Figure 10 : Sept phases d’un modèle complet de design (Source : Middleton et al., 2008., p. 32)

139

Les chercheurs attestent que, traditionnellement, une démarche de recherche comprend quatre phases : l’identification du problème (phase 1 sur la figure 10), la conception de solutions possibles (phase 2), la mise à l’essai de la solution retenue (phase 6) et l’implantation de la solution (phase 7). Pour que les données de la recherche puissent être transposées dans différents contextes, la mise à l’essai d’une solution exige du chercheur qu’il circonscrive l’effet d’une variable sur laquelle il intervient, qu’il choisisse les participants d’une manière aléatoire et qu’il prévoie un groupe contrôle (Middleton et al., 2008). Cette méthode de recherche, qui propose une approche essentiellement quantitative, ne permet toutefois pas, à elle seule, de se pencher sur des problèmes complexes. Un chercheur qui s’intéresse aux difficultés d’apprentissage, par exemple, doit tenir compte de nombreux facteurs, dont les conceptions préalables des apprenants, les modes de transmission, le contexte d’appropriation, la disposition des apprenants à recevoir un enseignement, le dynamisme du pédagogue, etc. Pour solutionner de telles problématiques, l’approche qualitative permet d’étudier et de documenter le contexte et les interrelations entre les acteurs impliqués. Aux quatre phases du modèle classique viennent donc s’ajouter trois phases, qui visent à documenter pas à pas l’élaboration du prototype. Le chercheur peut ainsi mieux s’enquérir des moindres étapes qui permettront à l’objet élaboré d’être utile au regard de la problématique. Ces phases constituent le modèle DE.
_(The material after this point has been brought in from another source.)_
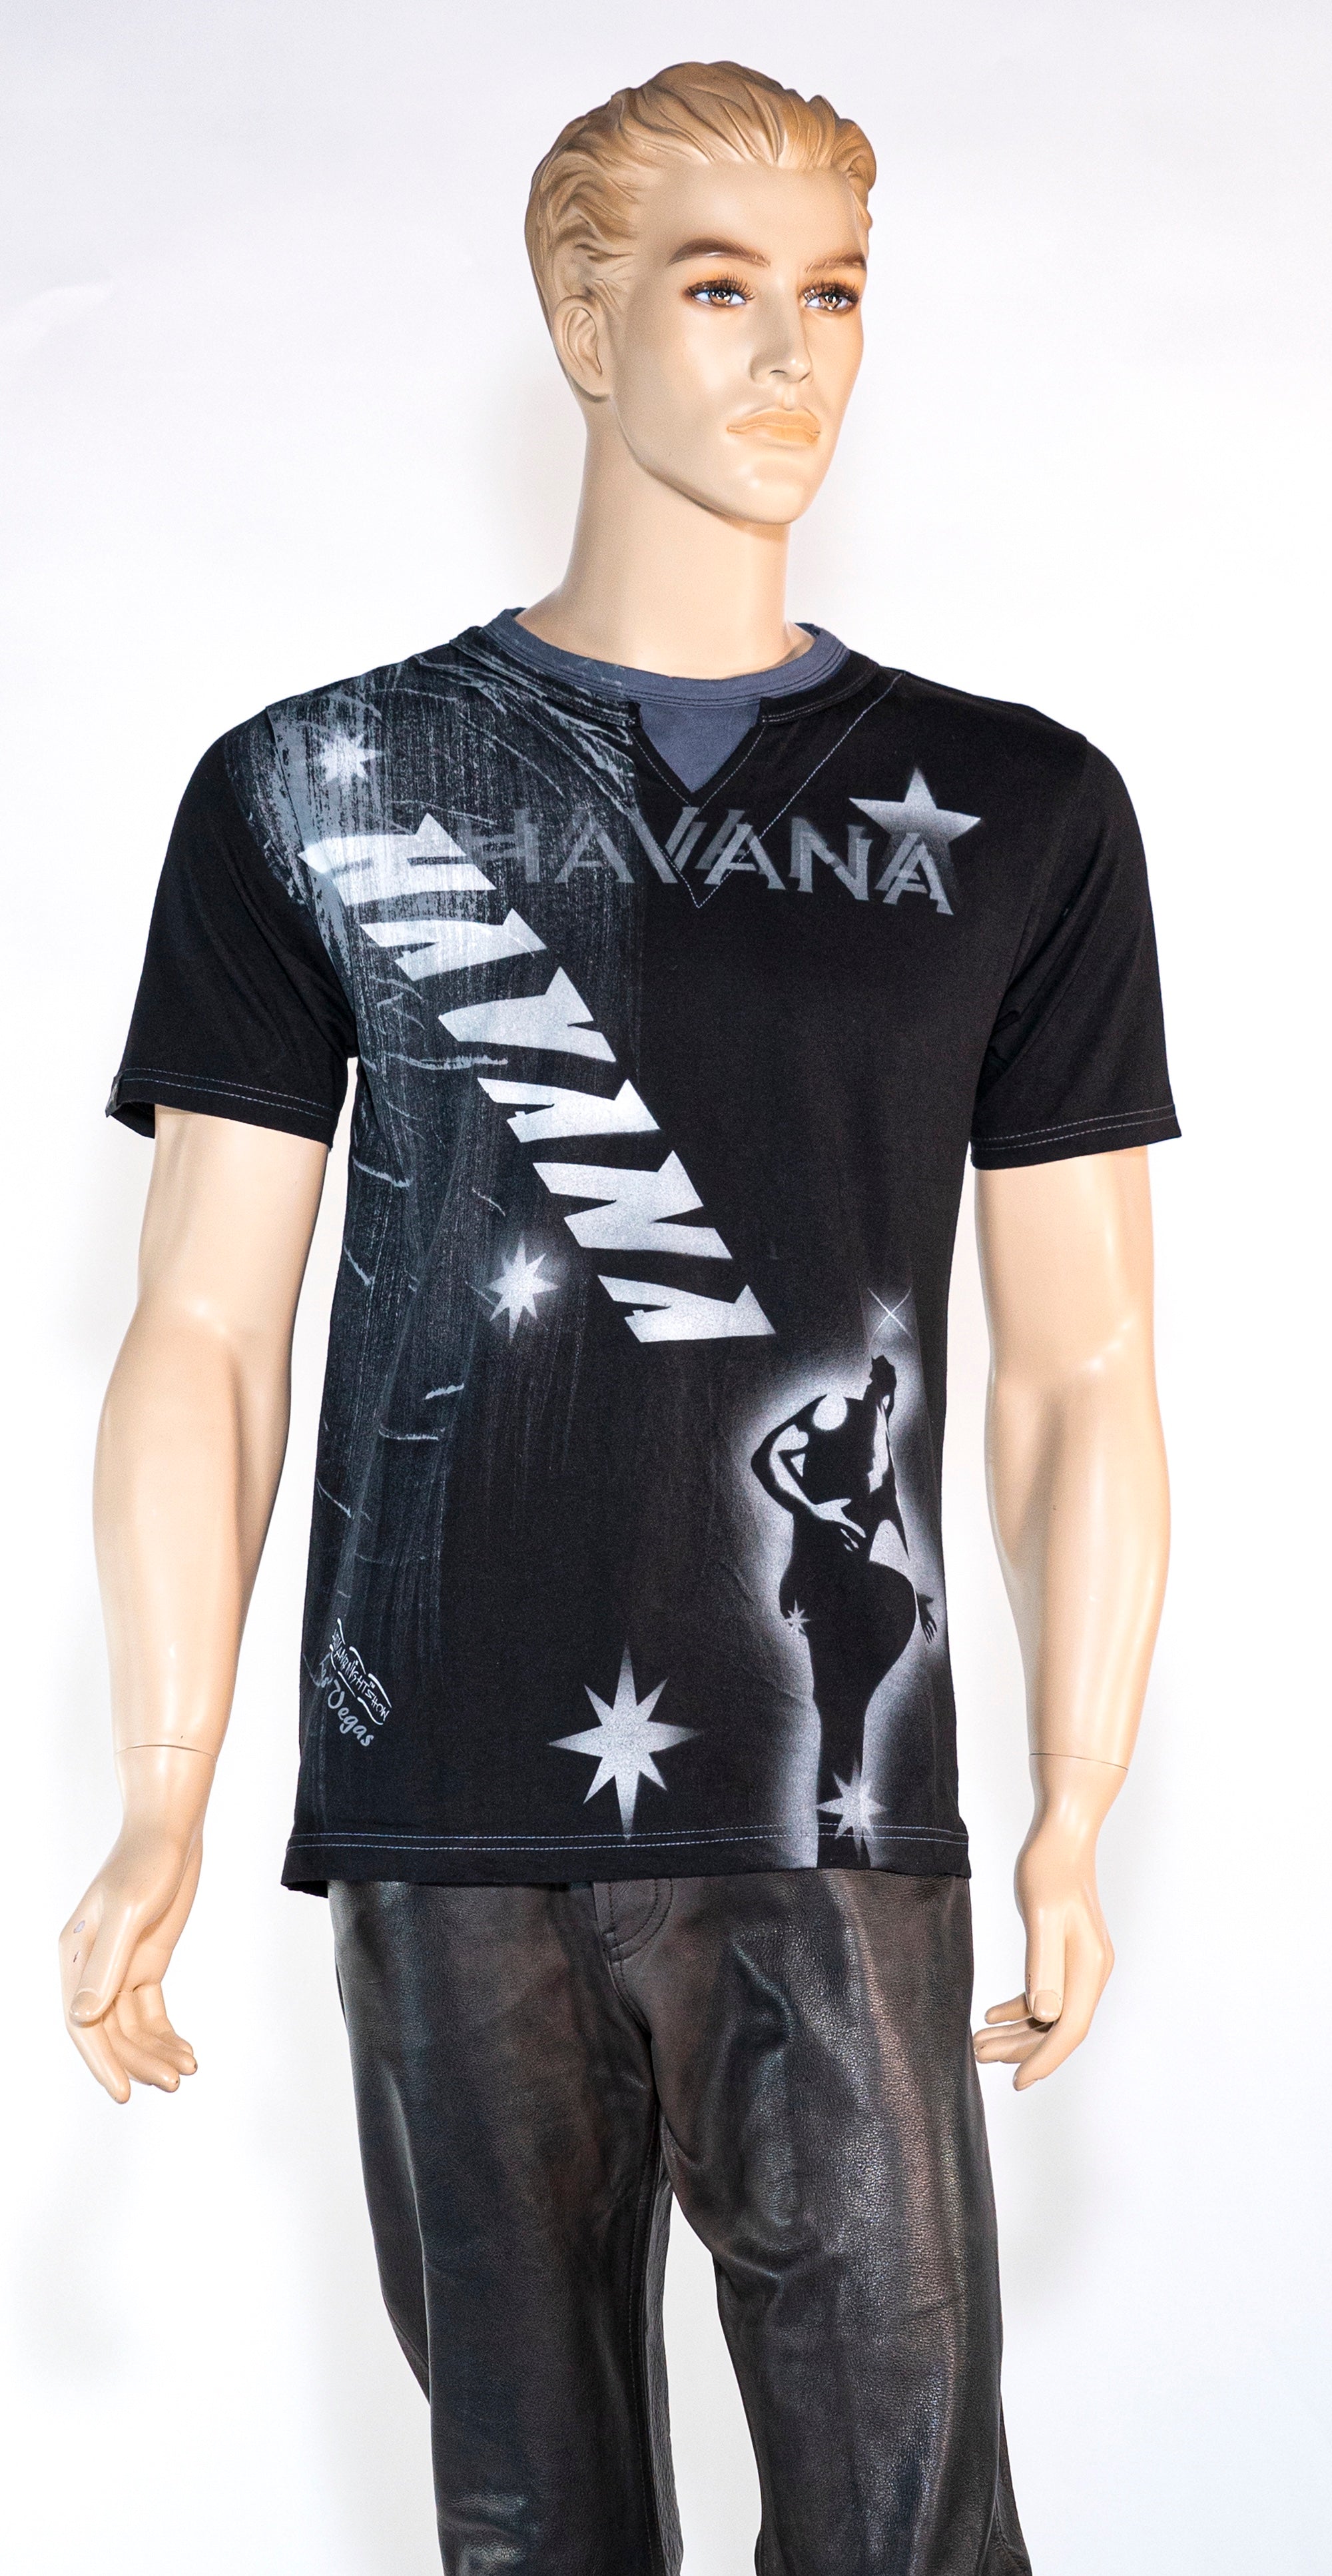 Havana Dancer Tee Shirt

Pour Middleton et al. (2008), la première phase du modèle consiste à cerner le problème et les référents théoriques afin de formuler les hypothèses ou les questions de recherche. Les chercheurs insistent sur l’importance de la recension de la littérature qui permet, pour reprendre leur métaphore, de former la base de la « soupe primitive par laquelle jaillit la clarté » (Middleton et al., 2008, p. 27). Par la suite, une première version de l’objet est envisagée. Afin de la tester, des critères scientifiques sont sélectionnés. Puis, il s’agit de concevoir une première forme de modèle. D’une façon générale, le chercheur peut aussi décider de ne procéder qu’à une portion du modèle de design, caractérisée par les phases 3 à 5, appelée modèle DE. Le processus en trois phases du modèle DE permet au chercheur d’étudier en profondeur l’élaboration d’un objet en cours d’expérimentation (Cobb et al., 2003). D’abord, le chercheur procède à une étude de faisabilité du premier objet fabriqué (phase 3). Il peut mener des entrevues auprès des participants ou faire des observations sur le terrain afin d’évaluer les effets de l’intervention menée (Middleton et al., 2008). Du point de vue des utilisateurs de l’objet, cela permet d’avoir

140

une première impression de l’intervention en cours. Selon les données recueillies, le chercheur peut soit décider de retourner à la phase initiale (phase 1) afin d’étudier le problème et le cadre théorique, soit passer à la phase 4, ou encore faire avorter la recherche (Middleton et al., 2008). Selon Gorard, Roberts et Taylor (2004), le modèle DE présente l’avantage de pouvoir être initié par un objet jugé inefficace.